++++ Input data

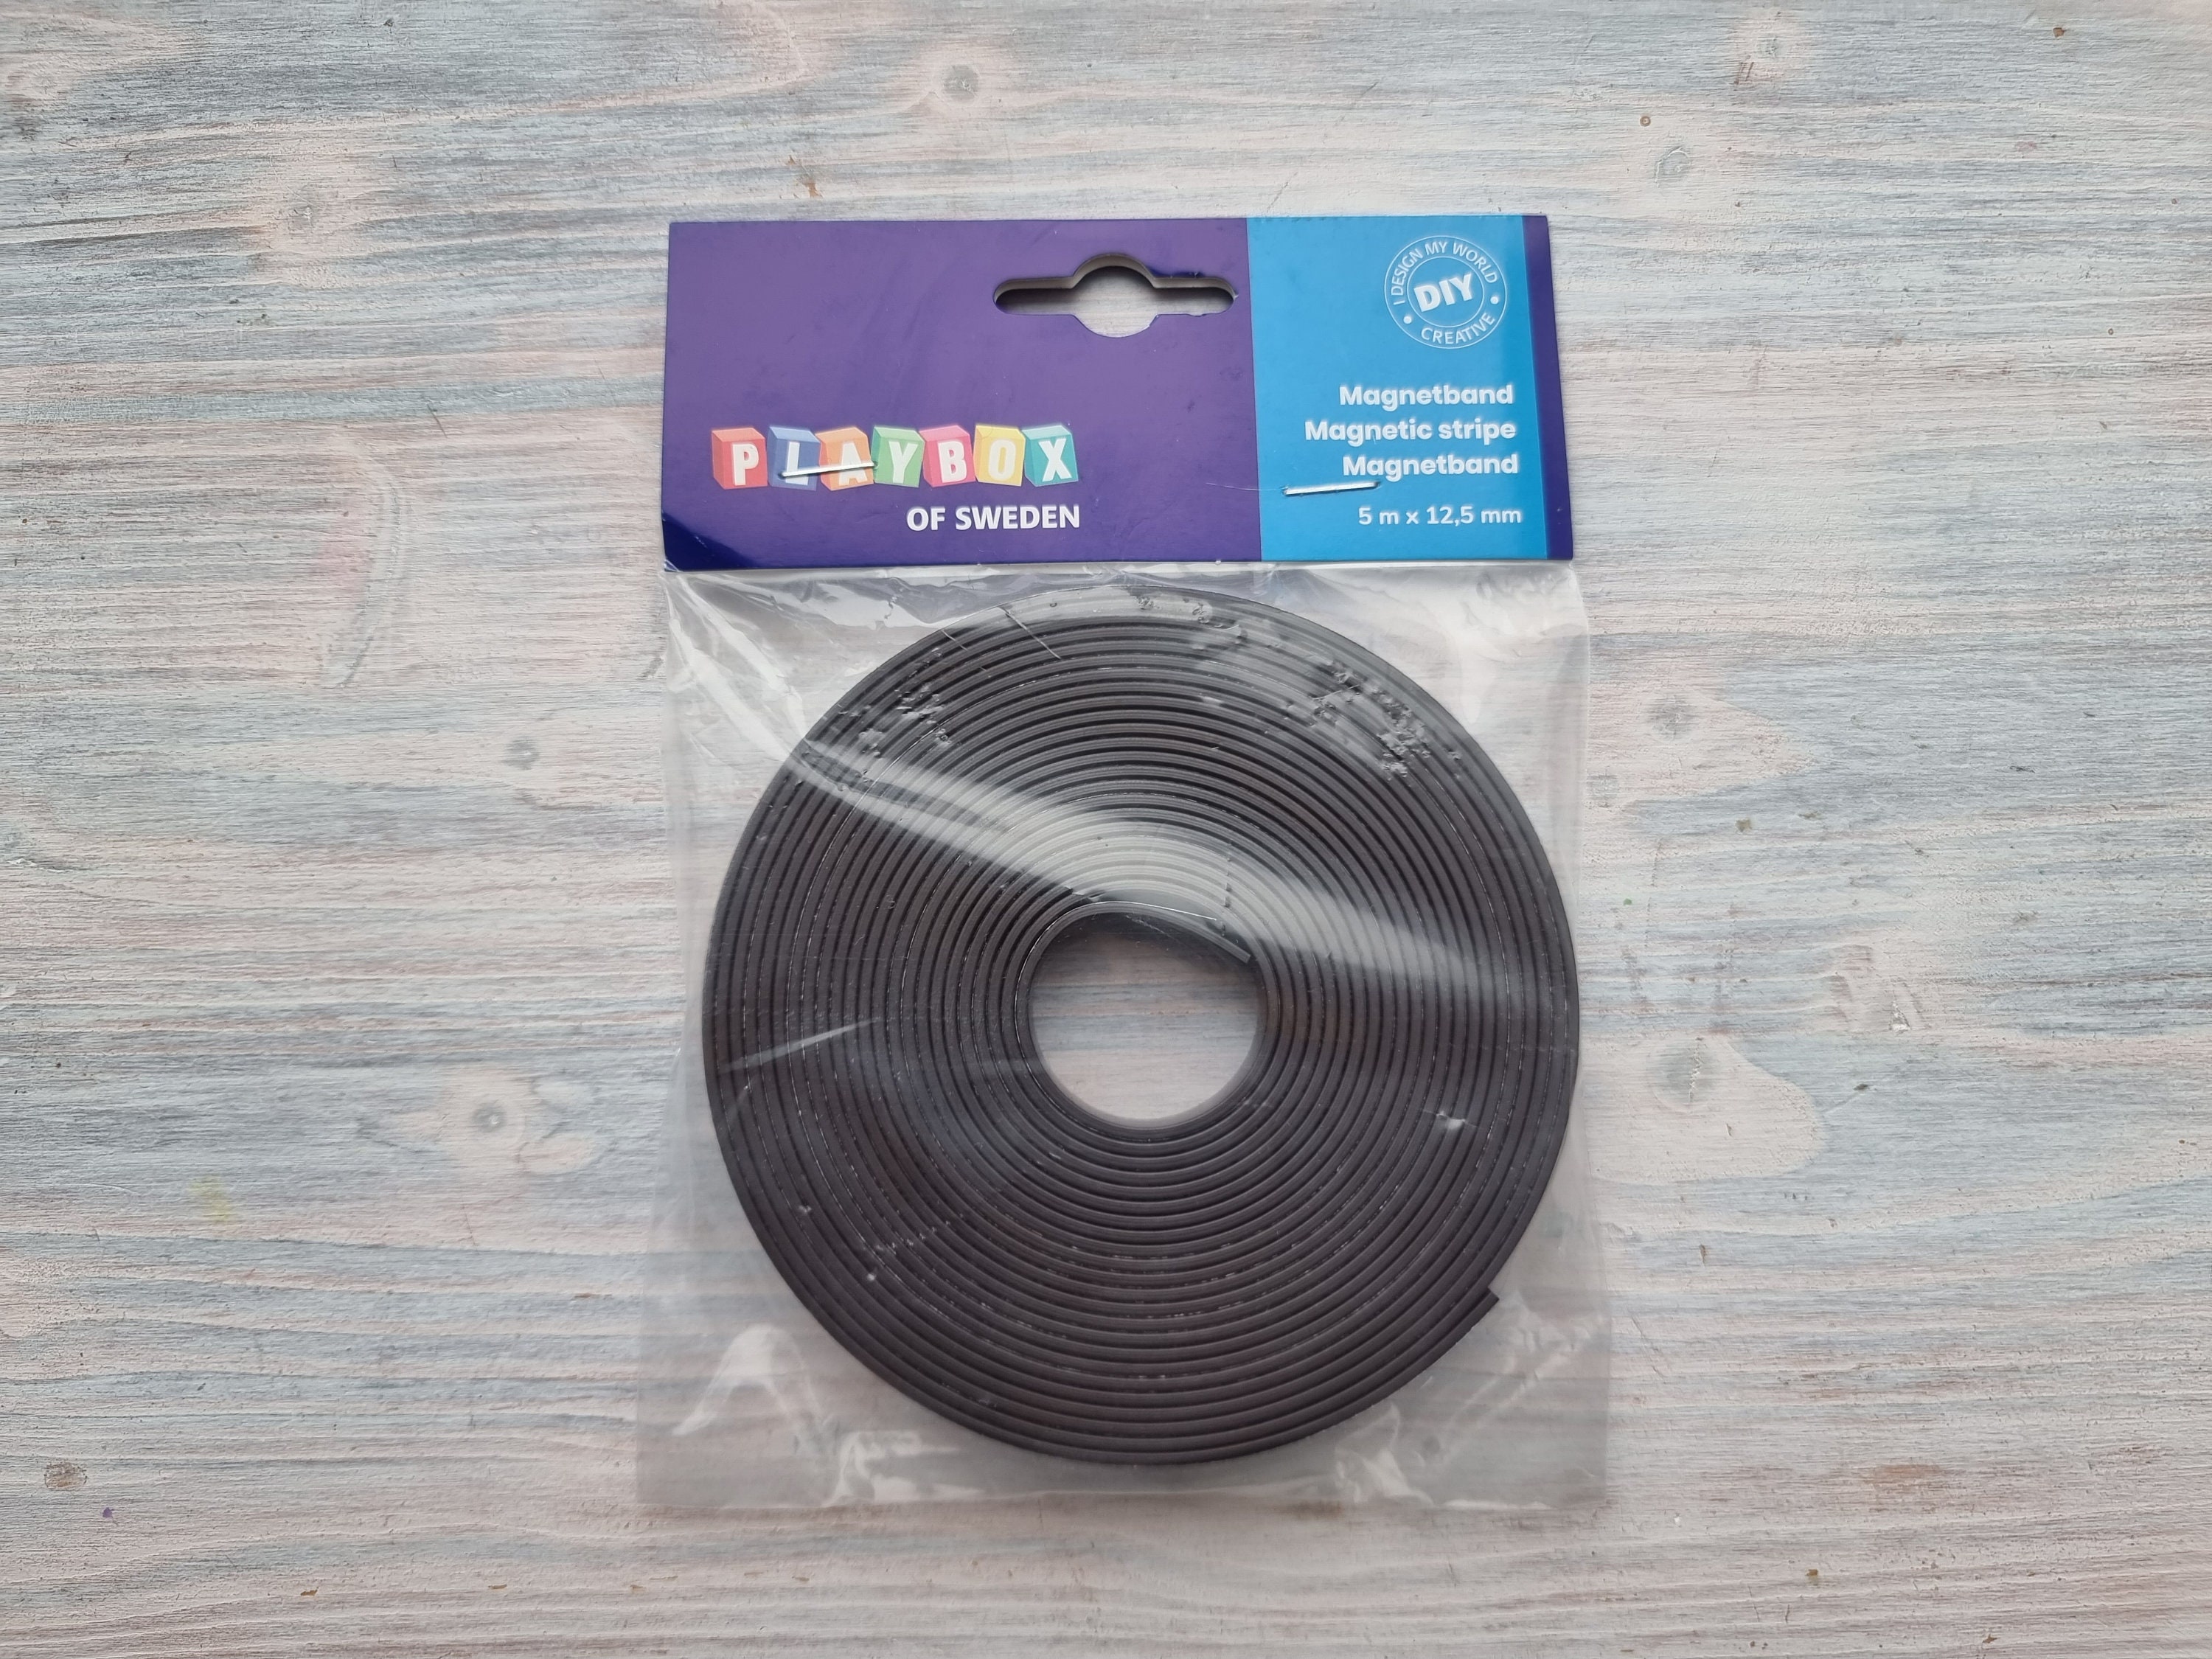 Flexible Magnetic Ruler 1m Length Magnet Tape Measure 
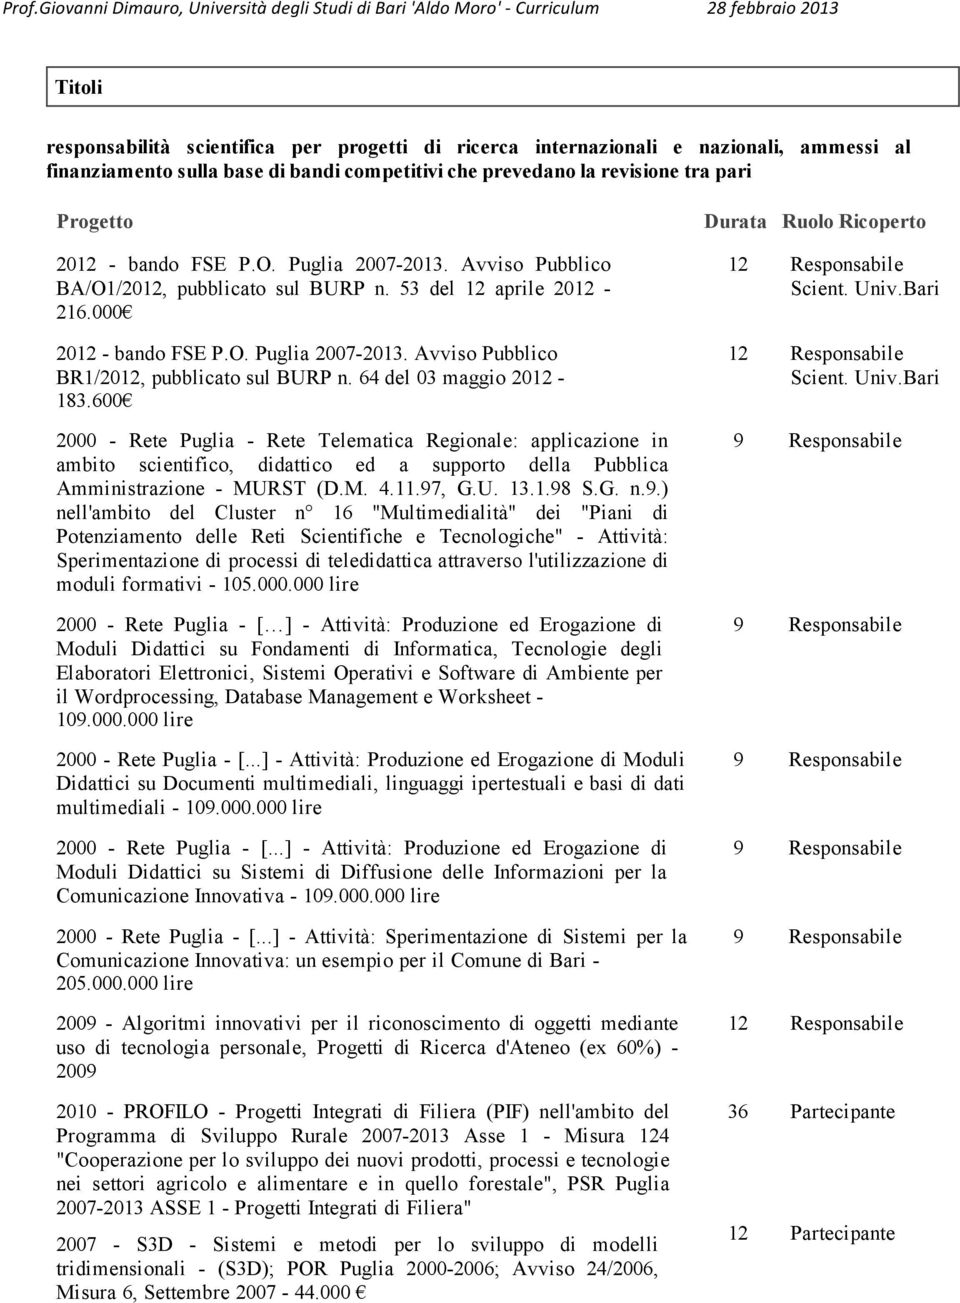 64 del 03 maggio 2012-183.600 2000 - Rete Puglia - Rete Telematica Regionale: applicazione in ambito scientifico, didattico ed a supporto della Pubblica Amministrazione - MURST (D.M. 4.11.97, G.U. 13.
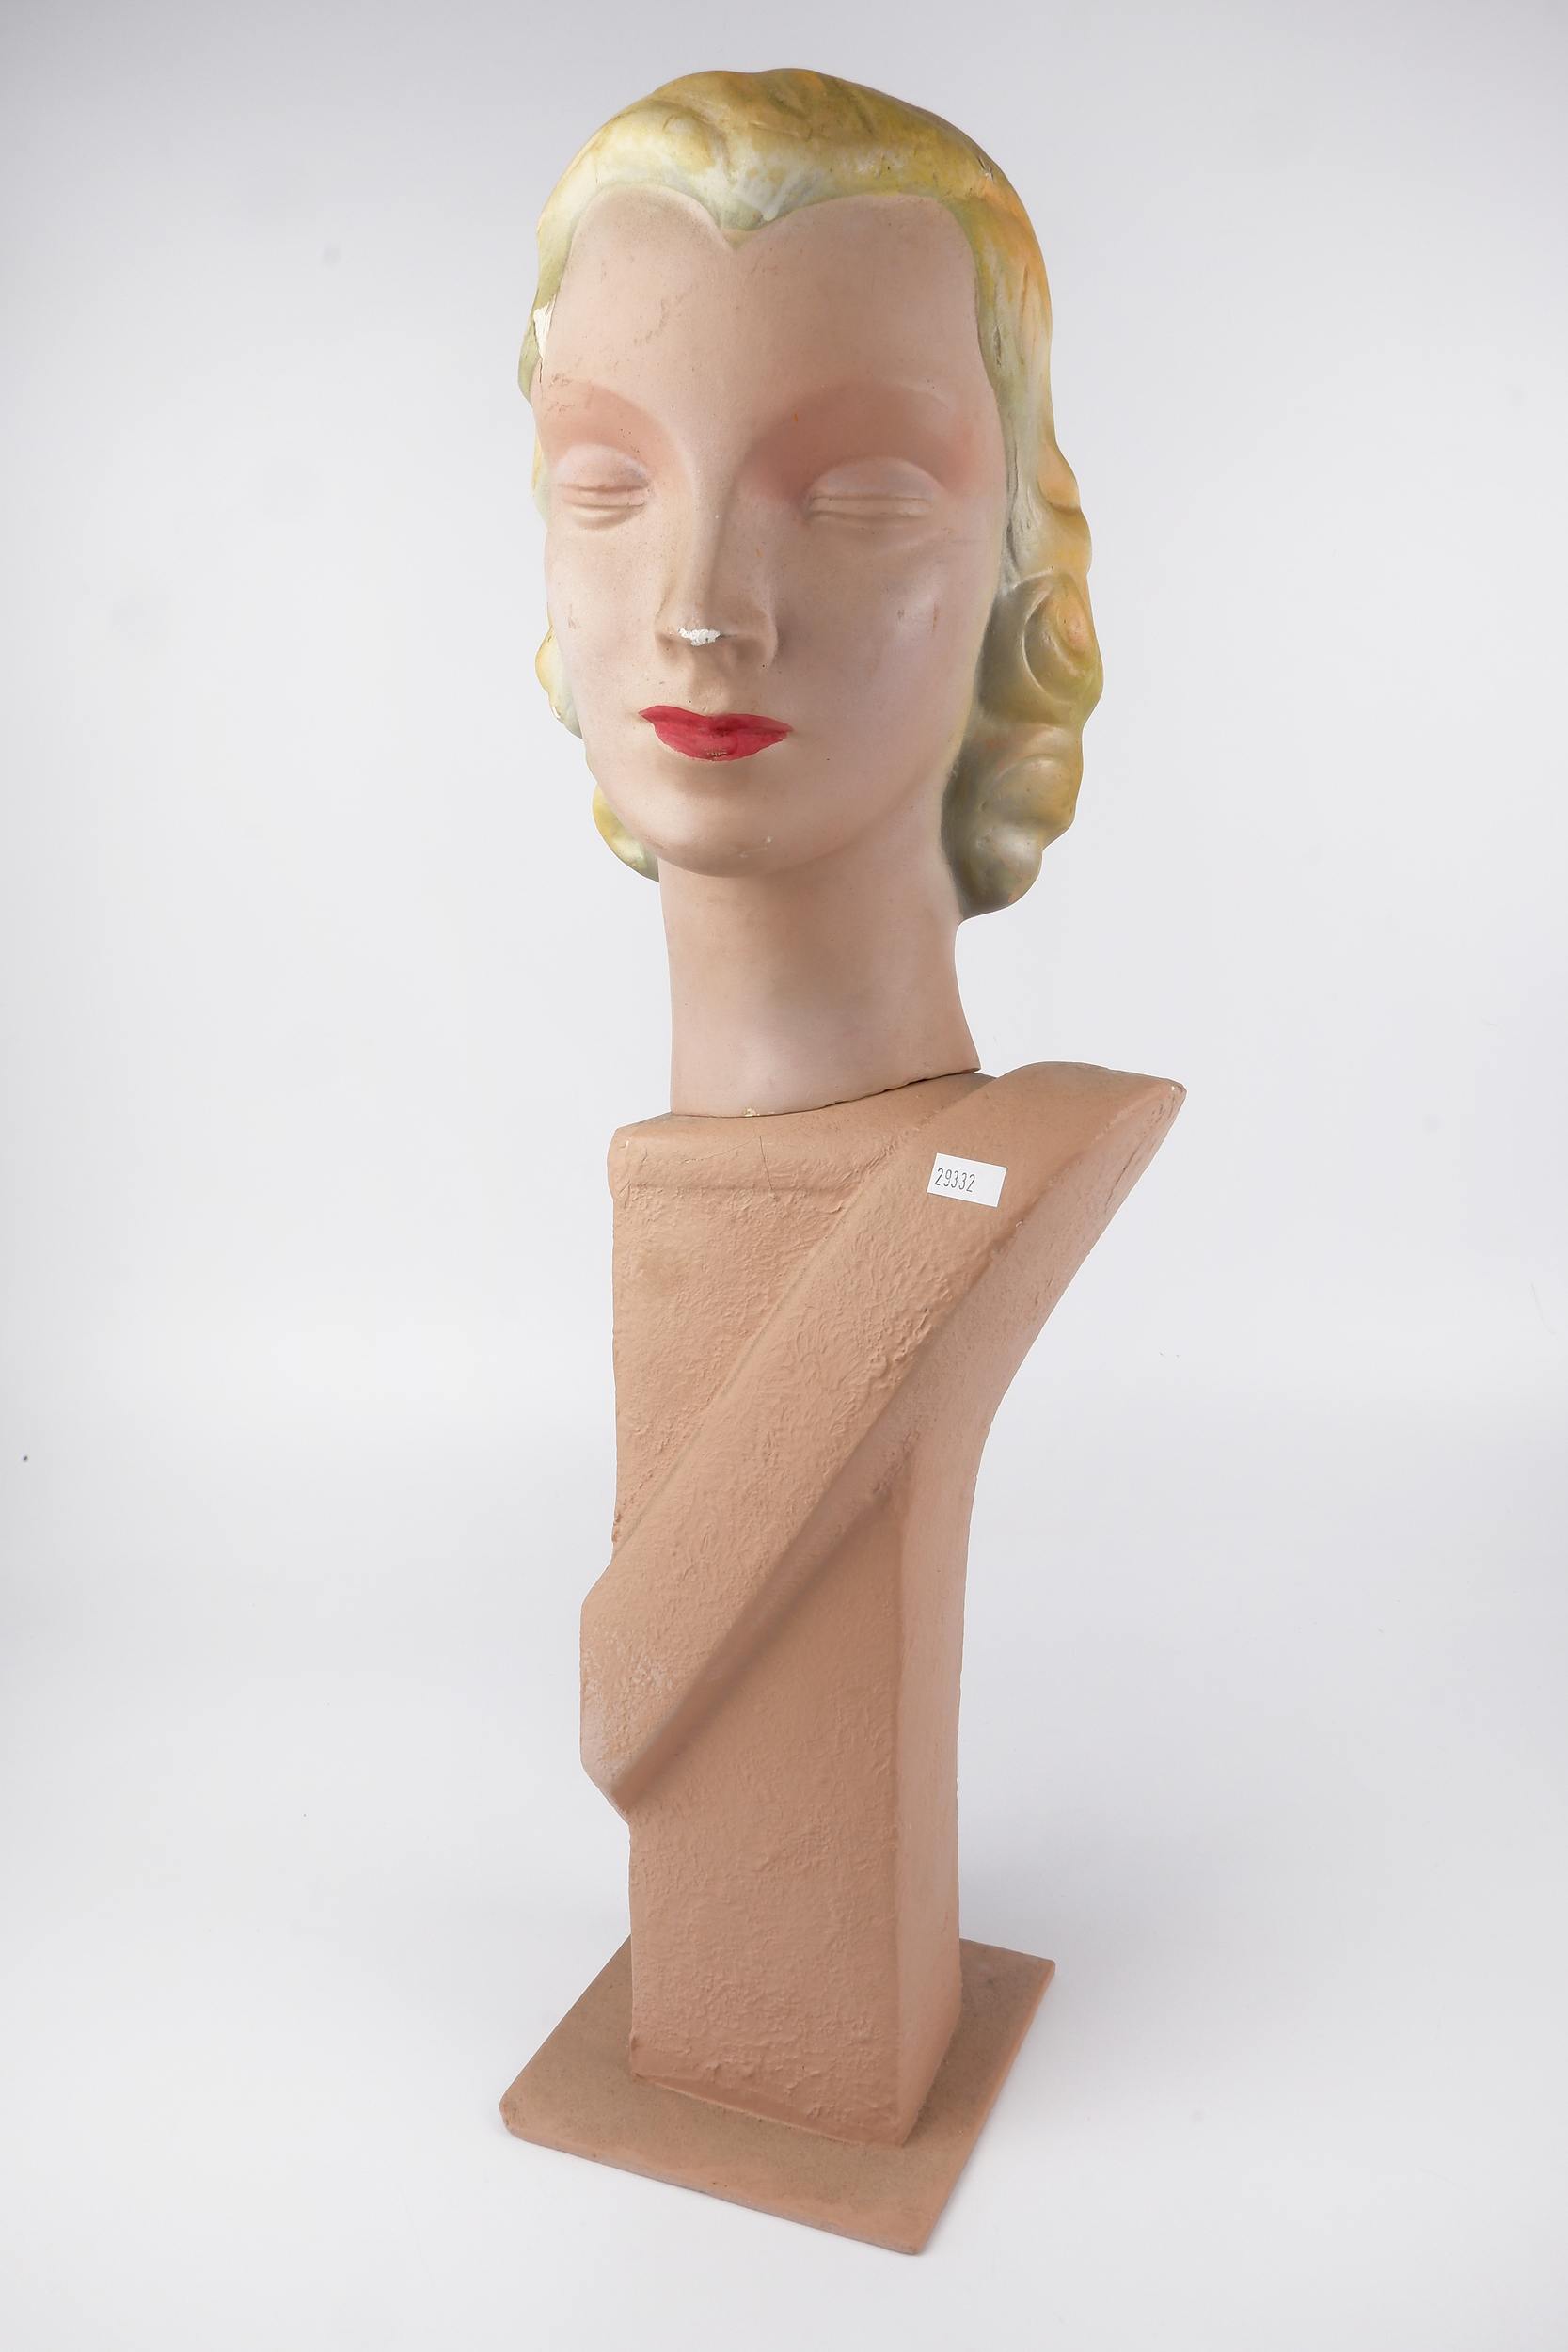 'Art Deco Painted Plaster Female Mannequin Head, Circa 1940s'
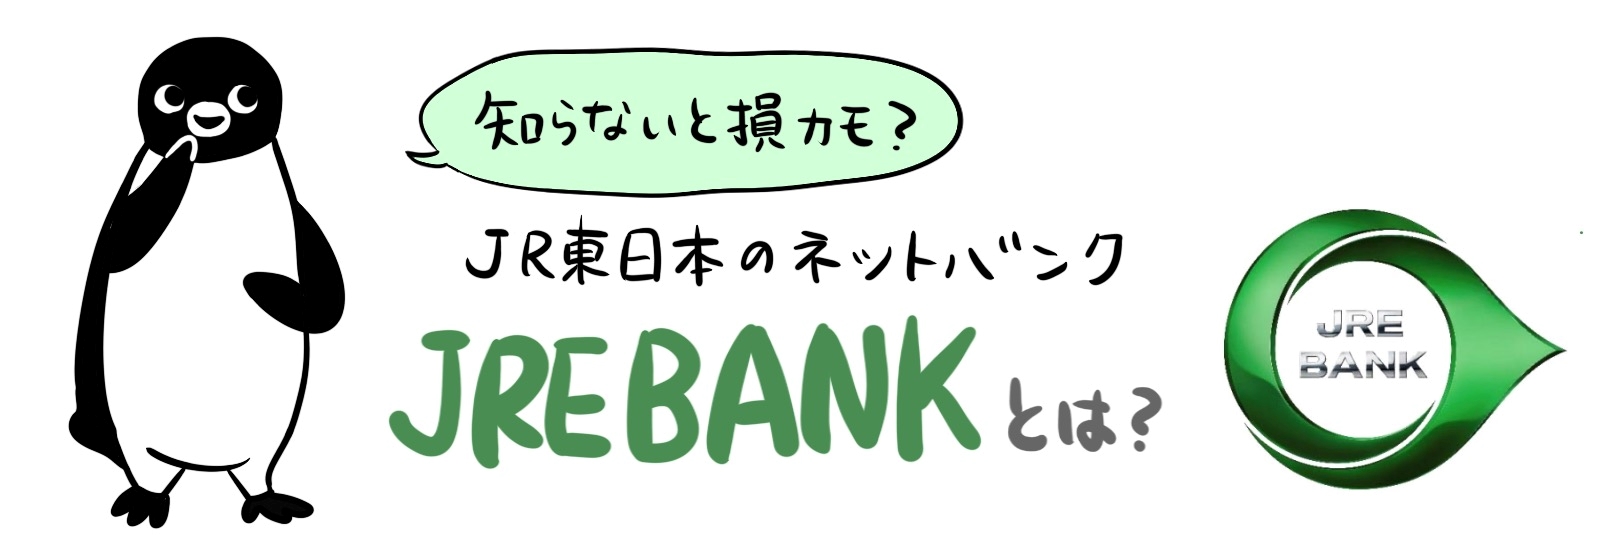 【知らないと損？】JR東日本のネットバンク「JRE BANK」とは？

++++++++

- Problem to work on
Reproduce nothing but the lines from the line containing "Head, Circa 1940s'" through the last line of the data above, exactly as written and without pictures.

- Answer to this problem
 'Art Deco Painted Plaster Female Mannequin Head, Circa 1940s'
 【知らないと損？】JR東日本のネットバンク「JRE BANK」とは？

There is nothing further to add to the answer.